Memory: the debate moved from your phone bill to the peak-earnings question. Issue 006 was the downstream device-cost shock; this week the tape re-centered on the supply side and valuation. Samsung guided to 18x profit growth on HBM, with "only three manufacturers… able to produce HBM4 at scale" (AI Chat, 7/7), then promptly "sparked a chip-stock sell-off" the same day (Squawk, 7/7). The bear case, cleanly stated by Motley Fool's Lou Whiteman, is that memory is "the most commoditized part" of the AI chain and cracks first if the AI-efficiency narrative bites; his colleague noted 128GB DDR5 at ~$2,900 vs ~$800 a year ago (Motley Fool Hidden Gems, 6/26). The bull rebuttal from BI: these are "the highest margins they've ever had," customers are locking in because they fear paying more later, and the take-or-pay backbone, Micron's ~$100B backlog, ~$22B of upfront deposits, ~40% of revenue under contracts through 2030 (Chip Stock Investor, 6/30), makes "peak earnings" the wrong frame. SK Hynix files to sell ~$28B of U.S. ADRs this Friday, the cleanest live read on whether the market believes the cycle is durable. All figures are company/analyst claims.

Capex: the de-rating is a return-timing argument, and it's pundit-dominated. Gene Munster reads Amazon's $25B bond and Google's raises as implying ~37% hyperscaler capex growth next year, above the ~23% consensus, and stays constructive (Closing Bell, 7/7). Citi's Heath Terry cites "29% cash-on-cash returns" and $85B of Google equity absorbed "without resistance" (Bloomberg Surveillance, 6/25). The counter, from New Edge's Cameron Dawson: guidance has ratcheted "from 30% to 90% growth for the year," and "the equity market's patience is wearing thin" as free-cash-flow deterioration shows up (6/26). Note the absence of operator voices, no hyperscaler CFO on tape defending the number. That gap is why the strategists' patience matters.

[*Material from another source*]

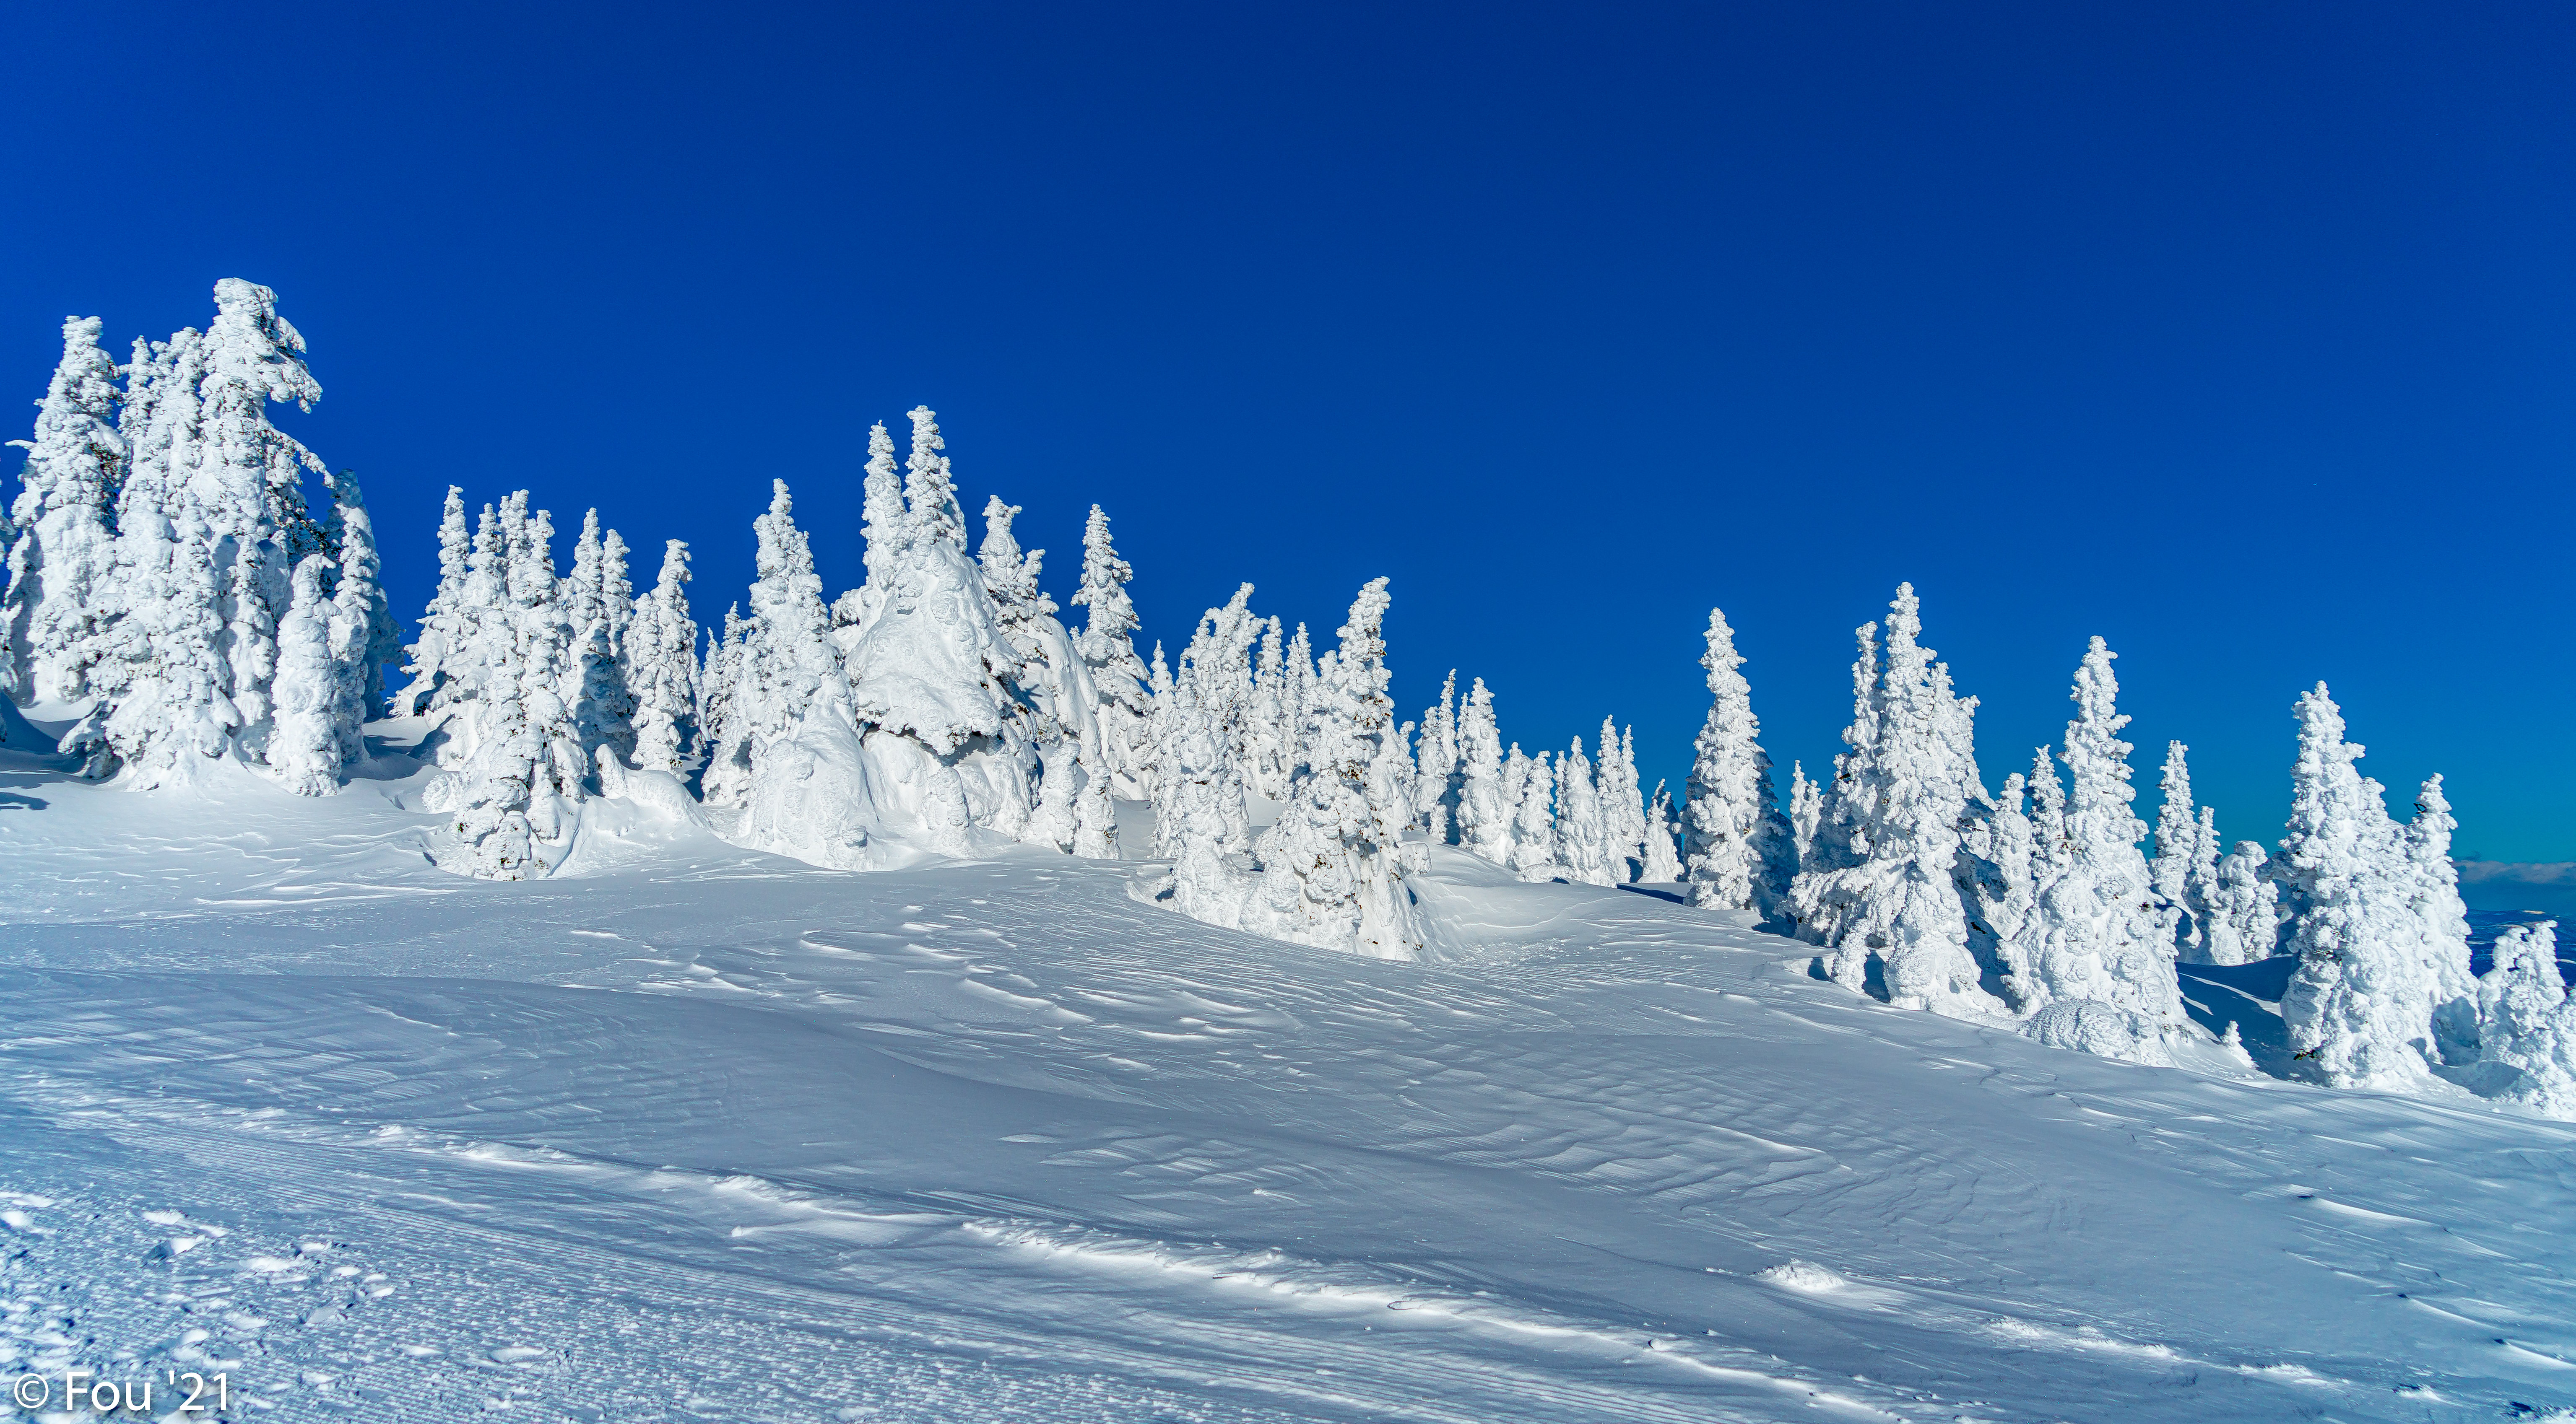 Скачать обои бесплатно Заснеженный, Снег, Деревья, Природа, Пейзаж, Зима картинка на рабочий стол ПК

Power, re-angled to reliability. After three issues on off-grid generation and the interconnection queue, the fresh wrinkle is grid stability: NERC issued a rare alert (its third ever) that data-center clusters are "spontaneously disconnecting from the grid during minor malfunctions," with Wood Mackenzie documenting 50+ MW load swings within minutes (InvestTalk, 7/3); PJM says data centers will drive 94% of peak-load growth through 2030 against a 2-year-build-vs-7-year-plant mismatch (TED Tech, 7/3). The operator answer is still off-grid, Bloom Energy's K.R. Sridhar says his fuel cells fed 50+ MW to an Oracle Utah site "in 55 days" (20VC, 6/29).

Negative space (which is signal). Optics still has no pure-play operator on the fresh tape, the only bridge is Marvell's Celestial AI deal; everything else is pundit stock-picking, e.g. Jensen's ~$2B stakes in Lumentum and Coherent and "capacity substantially higher than the world has today" (The MoneyFlows Show, 7/2). Coherent's CEO was last heard on 6/26, a full window ago. And Nvidia's own Rubin/Blackwell ramp went quiet on the operator tape even as the stock cratered.

What I'm watching. (1) SK Hynix's Friday U.S. ADR pricing, the cleanest live vote on cycle durability. (2) Whether any Broadcom or Apple executive confirms the Baltra server-chip framing that is, for now, only Gurman's reporting. (3) The first hyperscaler CFO to defend 90%-handle capex growth on tape, the operator voice this debate is missing. (4) A fifth issue of AMD silence would stop being an accident.